I have never before thought of doors in this fashion. Renee further applauds the Japanese sense and appreciation of space and continuity by reflecting that Japanese houses are constructed with sliding doors that don’t break the essential roomness of the rooms to which they allow access. There is an absence of any intrusion. Forgive me for this delicious quote from the Hedgehog:

When a sliding door is open, two areas communicate without offending each other. When it is closed, each regains its integrity. Sharing and reunion can occur without intrusion.

This does not mean, of course, that The House of Doors was unpleasing in any way. Just Western, as it were. And in the South West of France. All the windows and french doors had these wonderful external shutters that I learned to fold over the windows each night and fold back in the morning!!

The kitchen is a wonderfully roomy room with a table stretched along its middle. Preparing food on this table sometimes felt like tickling its tummy, though it gave no indication and remained a steady, sturdy food prep. area that kept necessary utensils within reach from either side. The large and light-giving windows over the sink brought unfettered light from a large semi-industrial block that was used by a transport company. This is good because the land will never be built out. There is a feeling of being in the country while The House is actually near the middle of the largish township.
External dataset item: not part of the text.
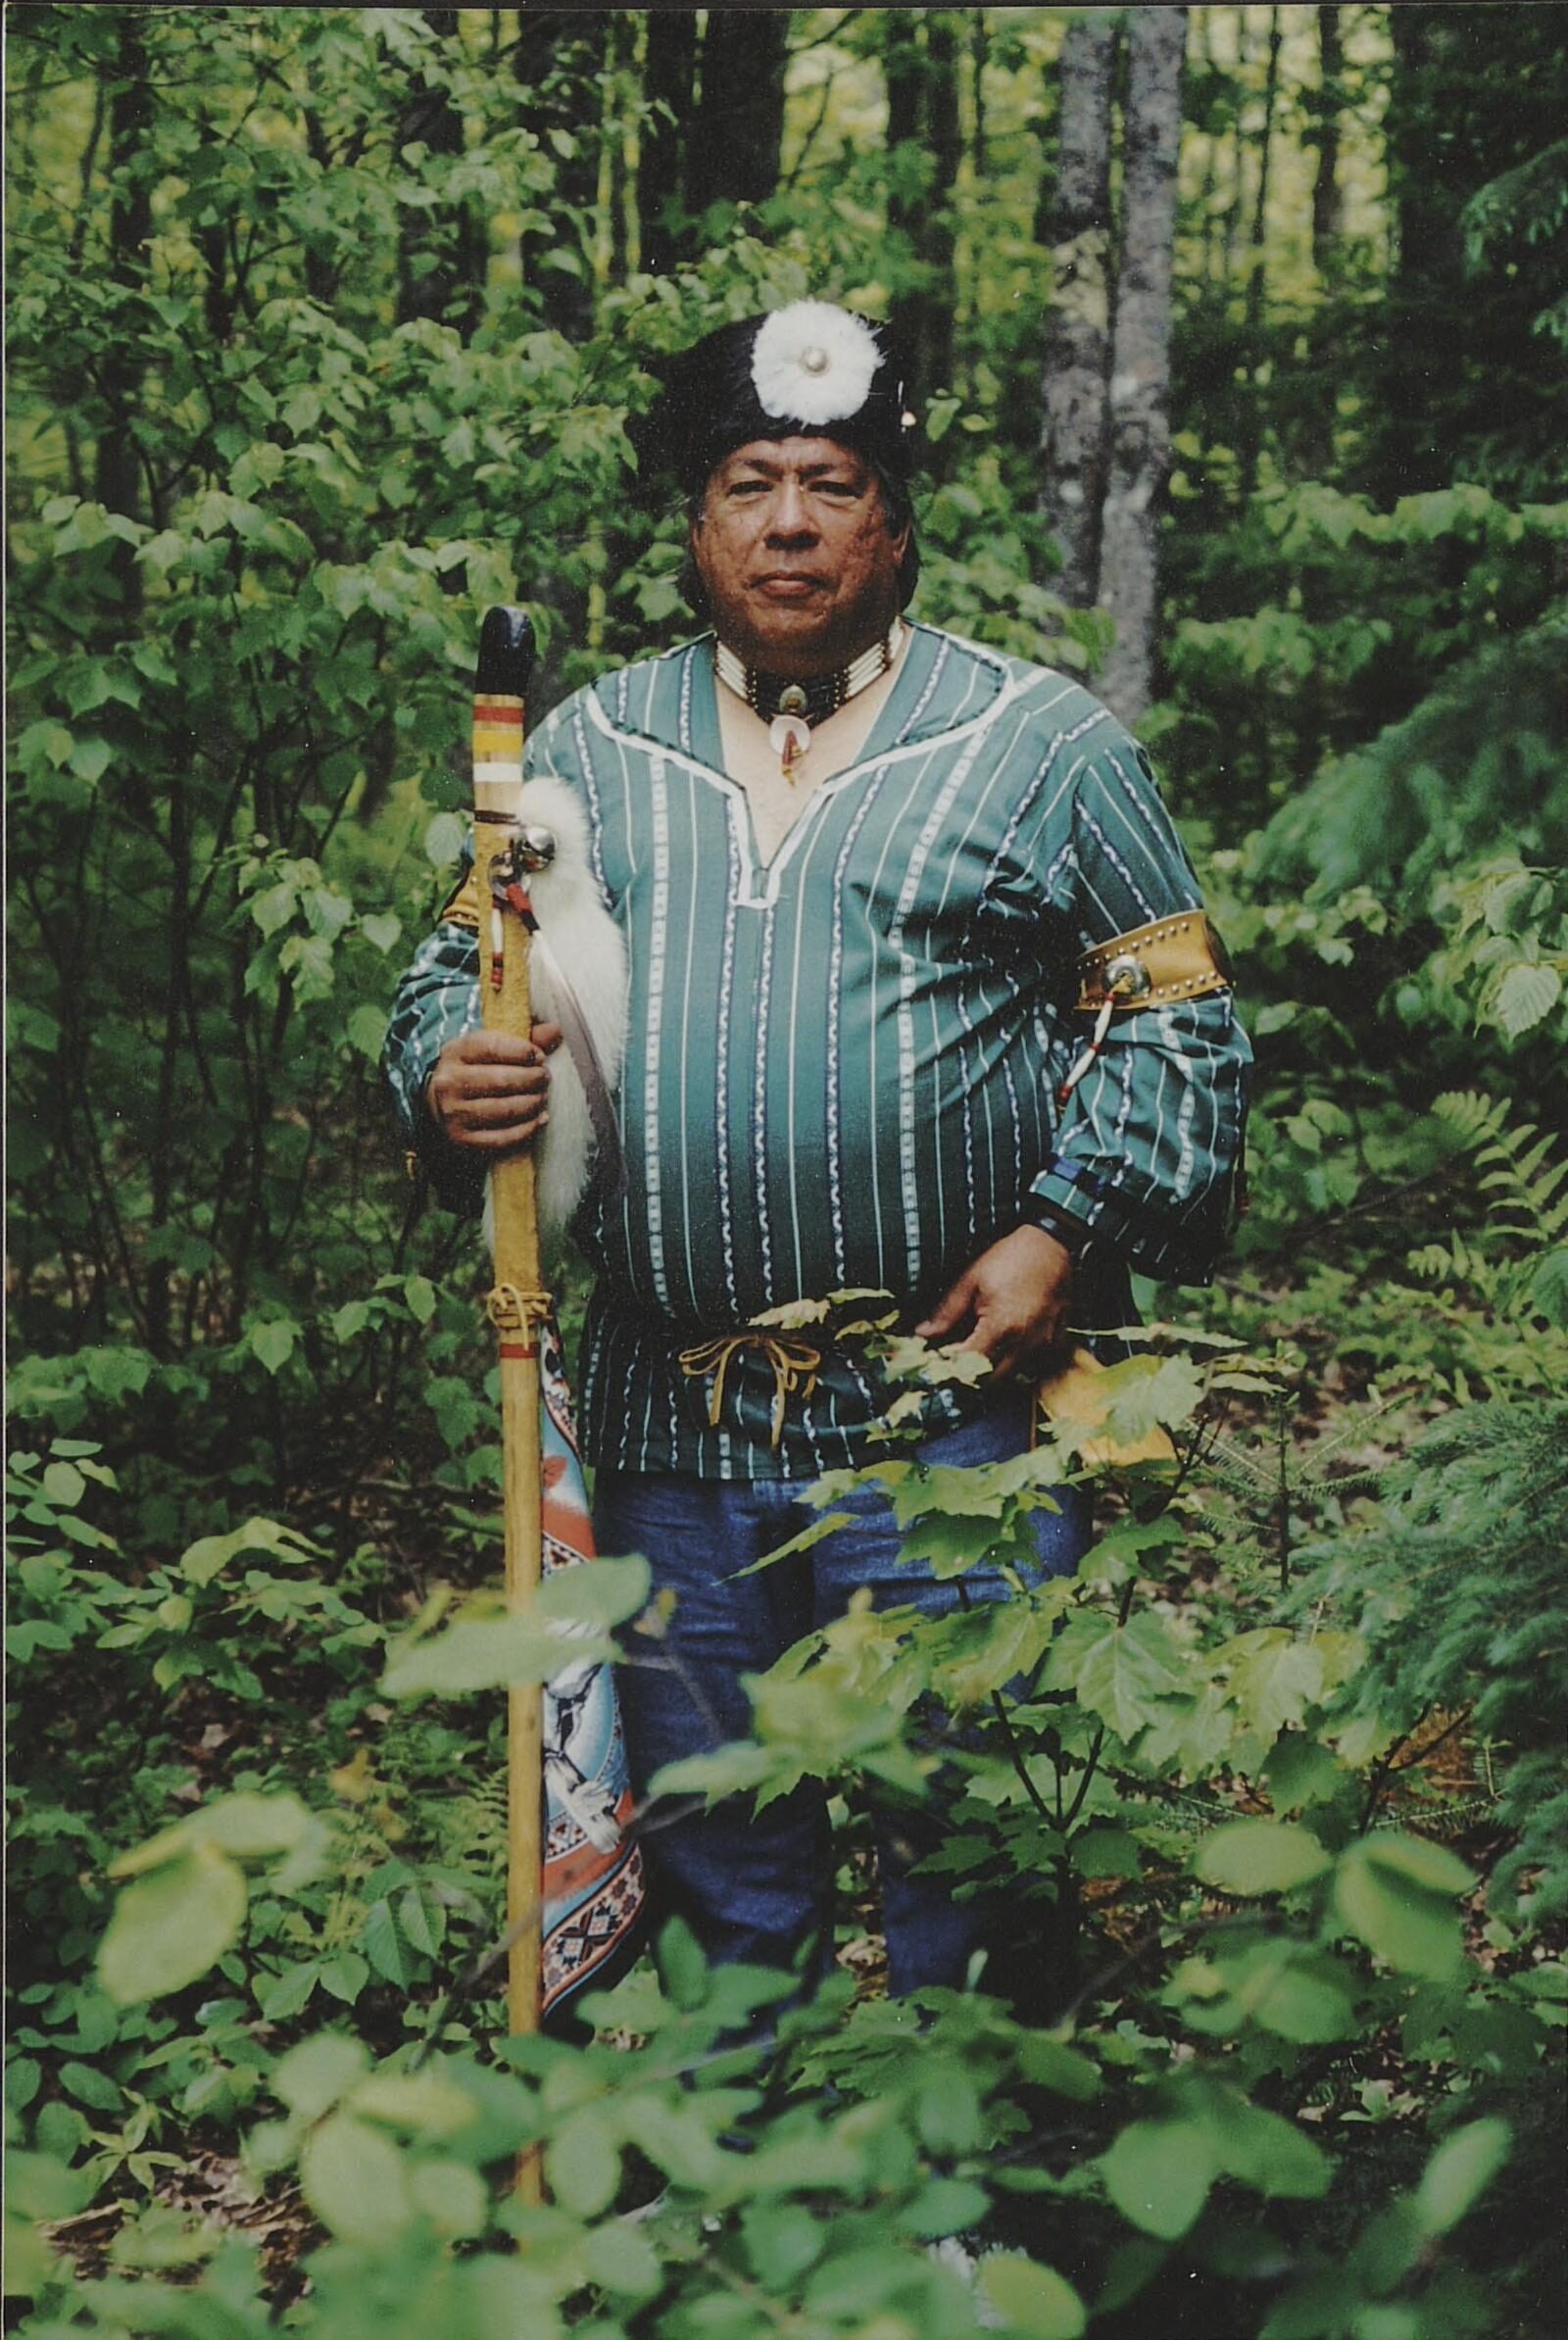 Undated photo of Warren Petosky in native dress standing in a forest.

This room opens into a larger room with a dining table at the near end and two magnificent French doors at the far end opening out onto a balcony. A sense of space is absolutely essential to comfort in a Western house and this one has it. To one side, another door opens out into a vestibule that houses a front glass door to the outside world and an internal glass door back into the hallway. A pleasant halfway resting place before leaving and upon entering The House.

I think it is the preponderance of glass that adds to the feeling of lightness and space. But it is the garden that can be seen from the windows of three different rooms that draws my eye, probably because I am, like my friend, enamoured of gardening.

So for our 10 days we talked gardening, did gardening, picked the fruits of gardening and bought some gardening additions that we immediately planted out. Seeds were sown, weeds were firmly dislodged and given short shrift. Pathways were developed and future garden plans were made.

The Yucca we planted

In this way my friend and I got to know each other and learnt about ourselves. It was profoundly satisfying for both of us.

We nearly destroyed our budding friendship twice. We are both readers of Jerry Coyne’s blog and in one of his posts he had mentioned that if you give a friend a book to read that you treasure and your friend doesn’t even like it, is that sufficient grounds on which to terminate the friendship because it was obviously built on erroneous bases in the first place?

My friend mentioned this while we were working out what fertiliser to purchase for the garden. I said one ratio and insisted on it until she was so exasperated that she said:

I must tell Jerry Coyne that it isn’t that books wreck friendships, fertilisers do!!

The second time had nothing to do with fertilisers but graduated to where plants should be transplanted to best advantage.

She offered to do a running commentary for Jerry listing all the things that can wreck friendships. Refreshments became necessary after these pretend altercations and when I left I promised to return in the spring and she promised to give me back my bedroom.

I mean, I have to see how the garden is growing don’t I?